Bazen öğrencilerime de
anlatırım dayandığım temelleri ve tüm veriler ışığında ve öğretilenlerin
penceresinden baktığımız halde bir problemin çözümüne akılcı yaklaşıp çözüm
üretemiyorsak panik yapmayın geçici bir aptallık yaşıyorsunuz derim. Kısaca an
itibariyle salaksınız … sakın hakaret ettiğimi düşünmeyin içinde gizli bir iltifatta
barındırır aslında sizin gibi zeki insanların nasılda böyle bir akıl tutulması
yaşadığınıza gösterilen hayret ifadesidir aslında diye açıklamamın arkasından
zeki insanların yaptığı  nadir  akıl tutulmaları içinde süzme salak tabiri
kullanılır diyerek bir tespitte bulunduğumda teşekkür nidalarıyla dersi
sonlandırdığım çok olmuştur.

Lafı bazen fazlasıyla
uzatıyorum Mesleğim gereği ayrıntılara dalarak konunun bilinmezleri arasında
tıpkı bir gezintiye çıkmışçasına dağları, kırları bayırları dolaştırır gibi
bilgi tepeleri gibi terimler, kelimeler kavramlarla seyahat etmeyi seviyorum saadete
gelecek olursam…

Kendime ve yakın  tarihimize not düşüyorum; Dışarıda çılgın bir
kalabalık var pandemi kuralları hak getire sanki kıtlık çıkmışçasına alt alta
üst üste yiyecek stoklamaya başlamış insanların arasından geçiyorum …tam bir
akıl tutulması yaşanıyor çevremde aklımda deli sorular, bir film şeridi gibi
iyi kötü çirkin üçlemesindeki Clint Eastwood , Eli Wallach, Lee Van
Cleef hangisiyim bilemedim
aptal salak ve çirkin üçlemesi daha uygun
diye düşünüyorum.

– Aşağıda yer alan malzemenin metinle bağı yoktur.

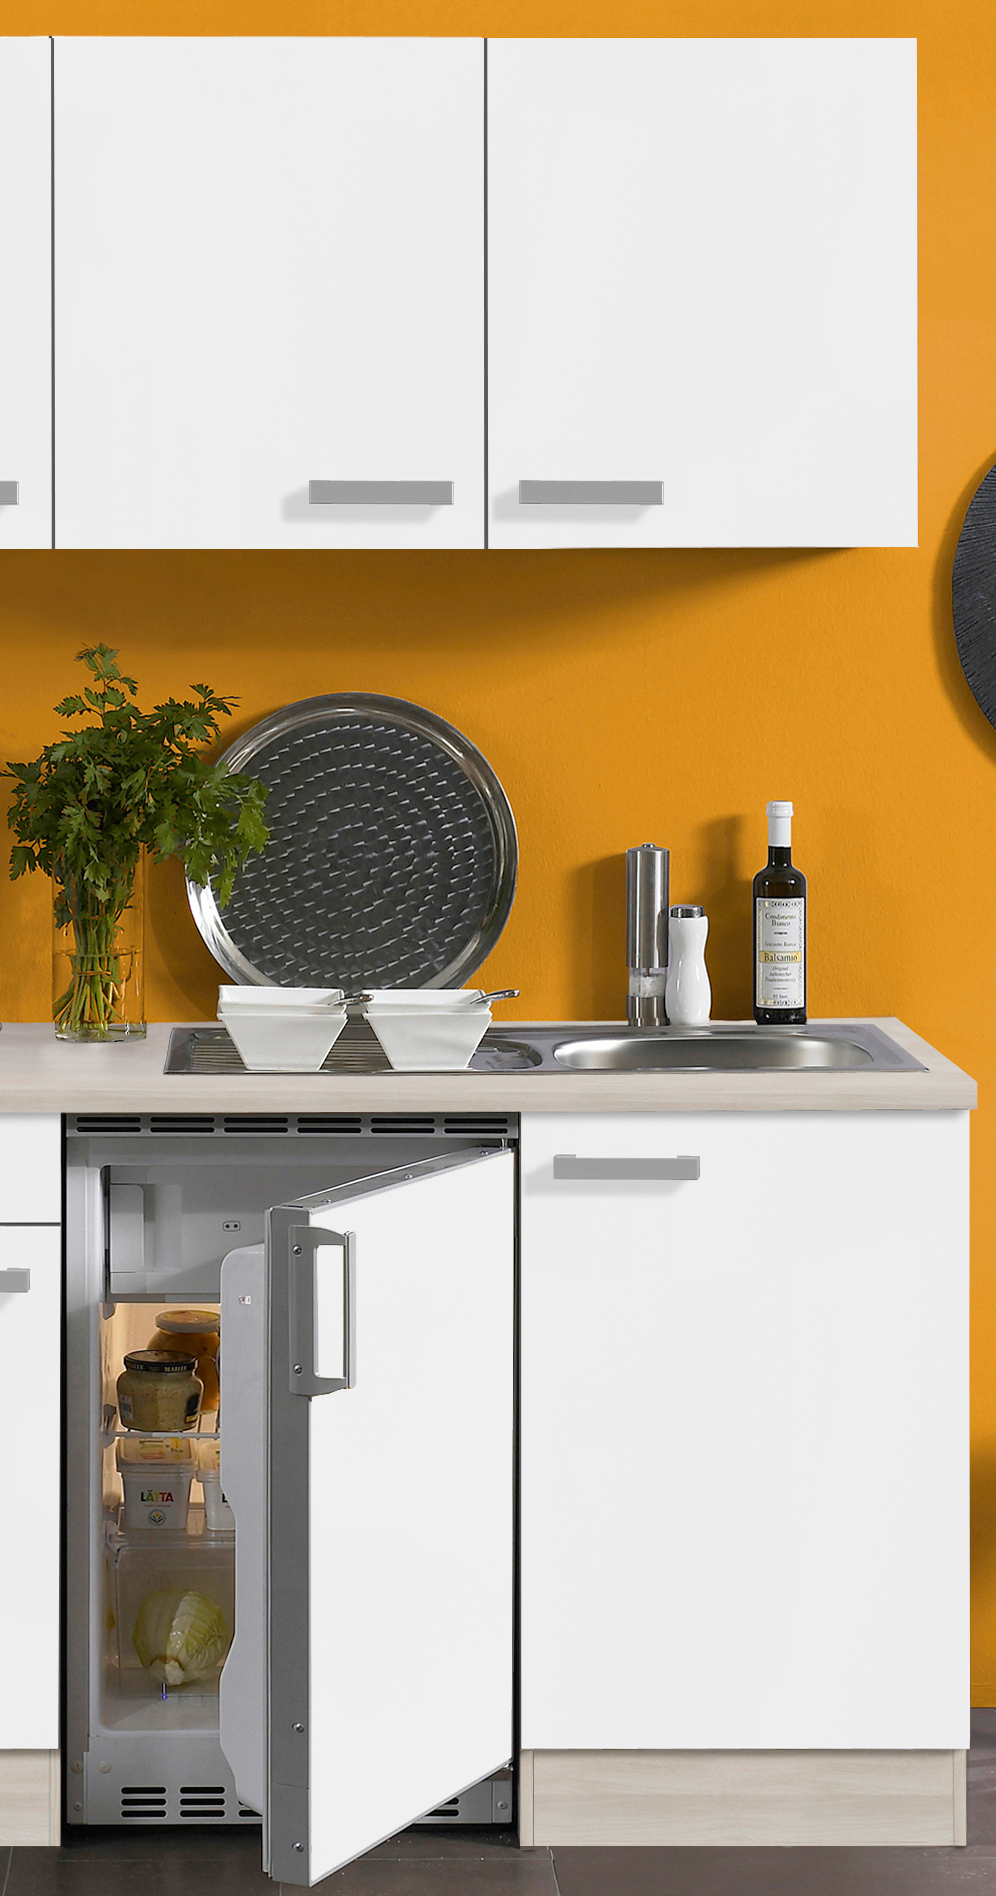 singlek che barcelona glaskeramik kochfeld 9 teilig breite 180 cm wei k che singlek chen. Black Bedroom Furniture Sets. Home Design Ideas

Atatürk Türk milleti zekidir çalışkandır derken acaba gaz mı
veriyordu? Aziz nesin yüzdesini hesaplamaya çalıştığı toplum bu toplum muydu
onu da bilemedim. Fakat tüm masumiyetiyle kenarda alışveriş edenleri seyreden o
küçük çocuğun gözlerinde kendimi gördüm. Kim aptal kim salak bilemiyorum. Aylardan
ramazan tam kapanmaya 2 gün var. Ve o çocuk aç…Anladım ki biz Çirkiniz.